Using Python I would like to get a list of all my Dataproc clusters on Google Cloud.
I have service account credentials stored in a JSON keyfile whose location is referred to by env var GOOGLE_APPLICATION_CREDENTIALS. Here is the code I have so far:
import os
import googleapiclient.discovery
from oauth2client.client import GoogleCredentials
def build_dataproc_service(credentials):
return googleapiclient.discovery.build("dataproc", "v1", credentials=credentials)
def list_clusters():
credentials = GoogleCredentials.get_application_default()
dataproc = build_dataproc_service(credentials)
clusters = dataproc.projects().regions().clusters().list(projectId="my-project", region="REGION").execute()
return clusters
if __name__ == "__main__":
list_clusters()
As you can see I have hardcoded the projectId ("my-project"
). Given that the projectId exists in the JSON keyfile I had hoped I could obtain it simply be interrogating a property of the credentials
object, but no such property exists. The projectId does exist embedded within the credentials._service_account_email
string property but extracting it from there is clunky and feels wrong.
I assume there must be a better way. How can I obtain the projectId of the project in which the service account resides?
Note that initially I intend for this code to be run in a docker container on a Google Compute Engine instance however one day in the future I may want to run on GKE. Not sure if that affects the answer or not.

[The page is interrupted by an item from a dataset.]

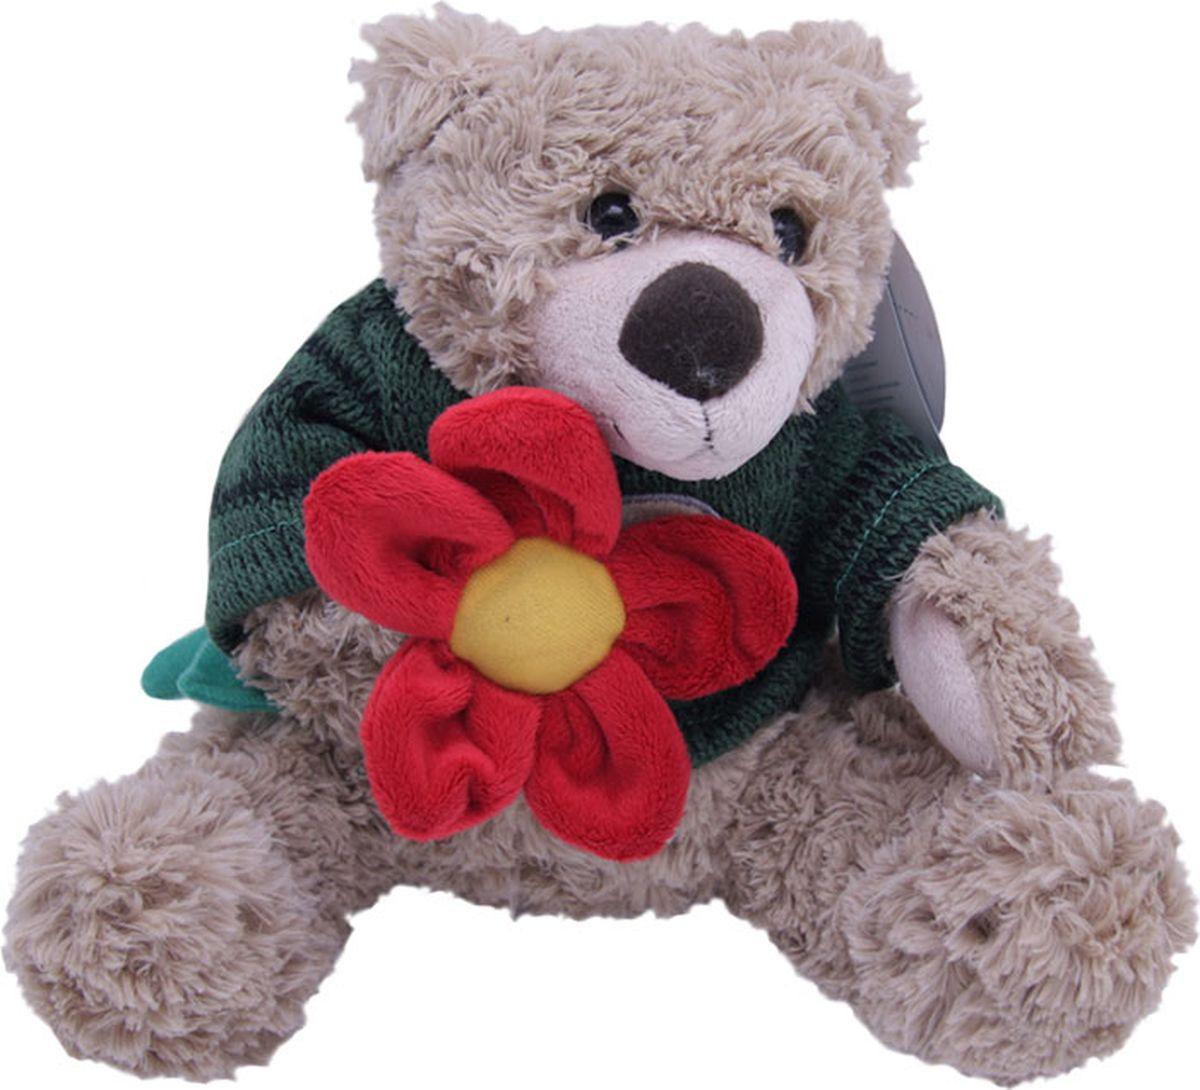 Magic Bear Toys Мягкая игрушка Мишка Тед в свитере c цветком 20 см magic bear toys мягкая игрушка медведь с заплатками в шарфе цвет коричневый 120 см
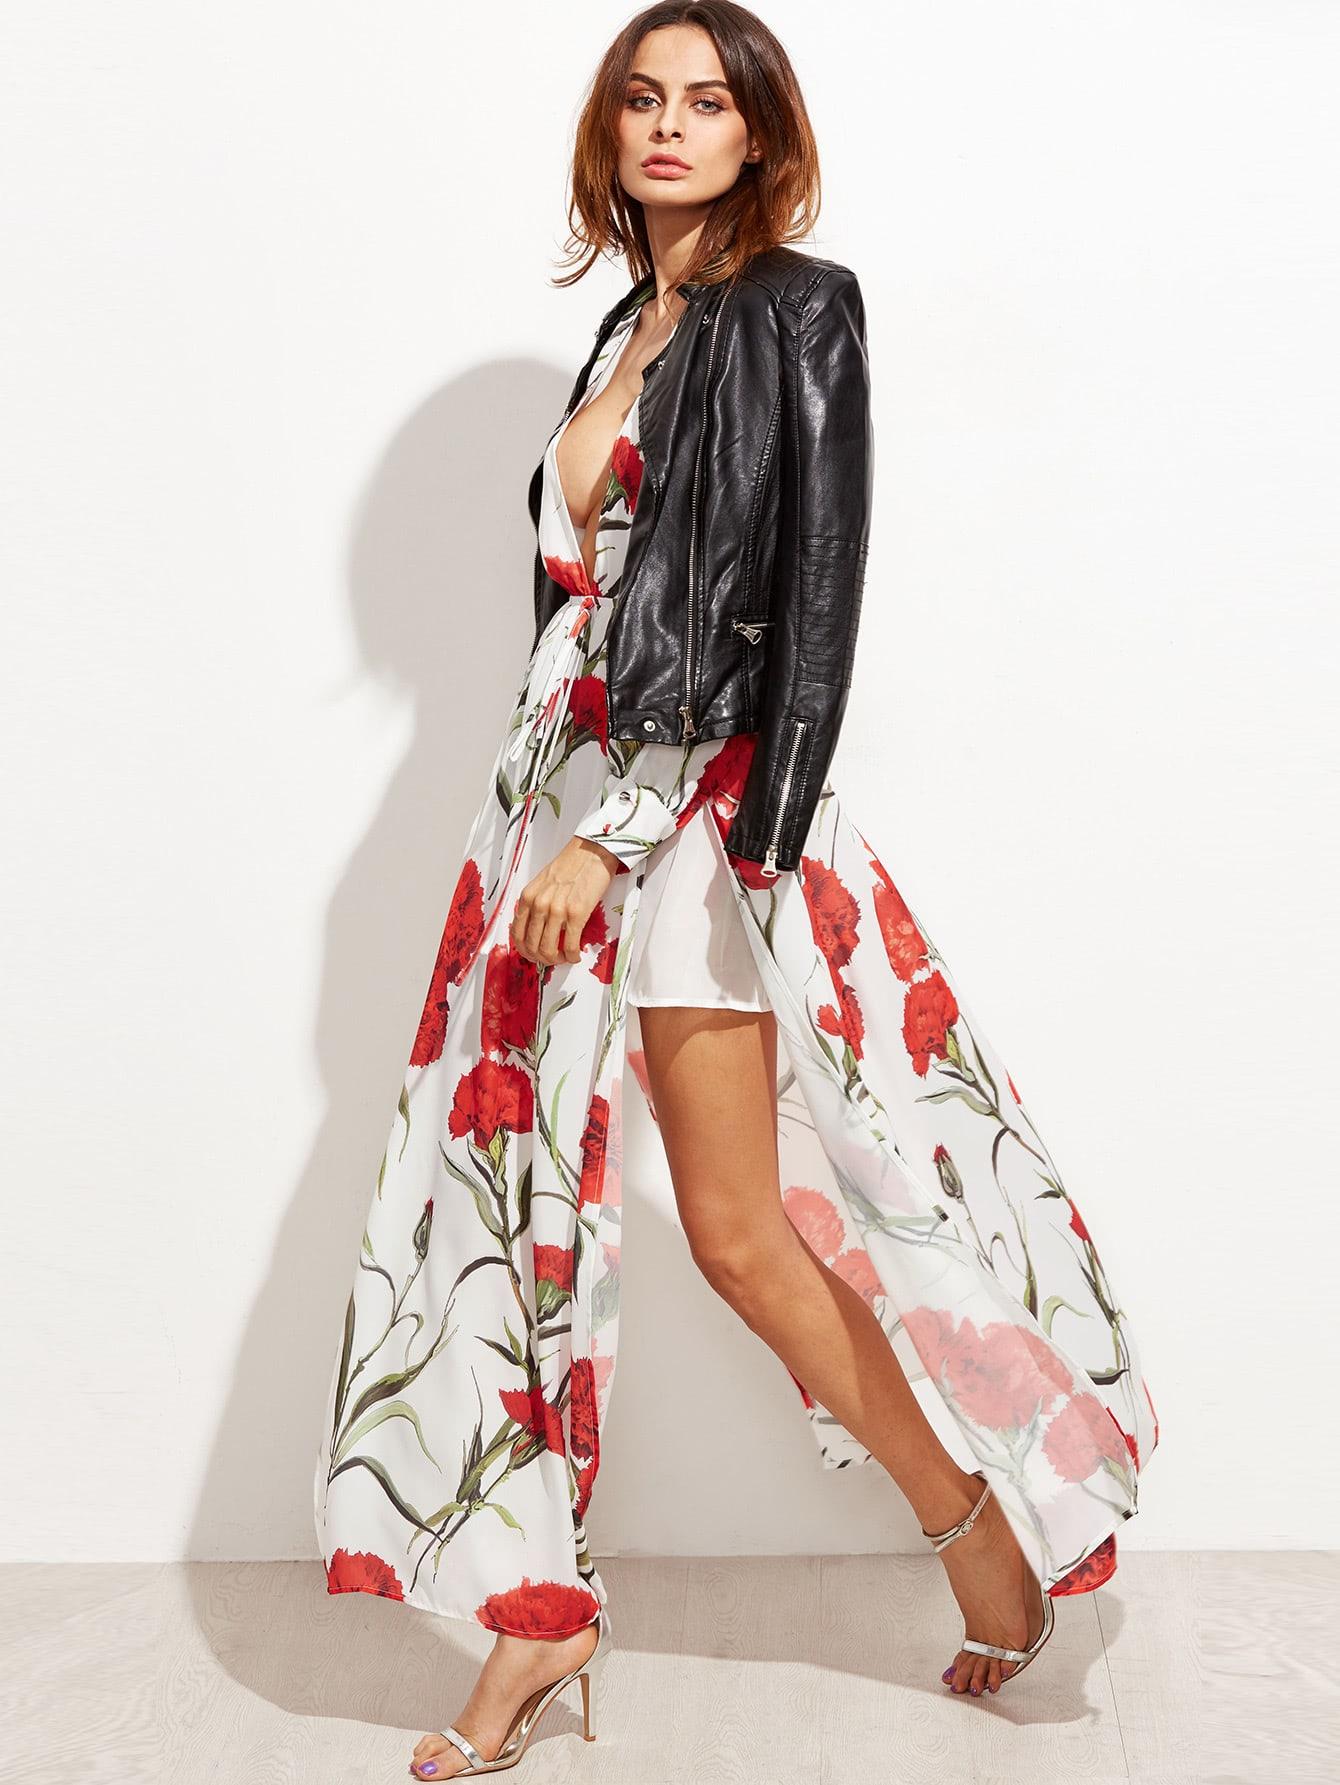 dress161010717_2

A formal way to think about this is that while projectId is sometimes a property of a service account, a projectId is not generally a property of a long-lived credential. For example, think of your offline-installed personal credential you use with the gcloud
CLI, if any, associated with your Google account/email address. That email identity doesn't reside in any cloud project, and yet can be used to derive a GoogleCredential object.
Technically, if you want to do it "properly" you'd need a master service account that has permissions to GET
service account descriptions in all the projects that hold the actual service accounts you plan to use, and then call IAM API's projects.serviceAccounts.get on the service-account email address, not on the "credential" objet. The responses there can identify the project id in which the service account resides. This is equivalent to the gcloud
command:
gcloud iam service-accounts describe [email protected]
However, as Dagang says, it's often going to backfire in the long run to start baking in assumptions that the service account will only be used for operations on the projects in which it resides. In particular, while service account
resources themselves live inside projects, they are often used in a cross-project manner. One common operational pattern is to use a single GCP project to manage a large number of service accounts that are then granted various fine-grained access to resources in other GCP projects.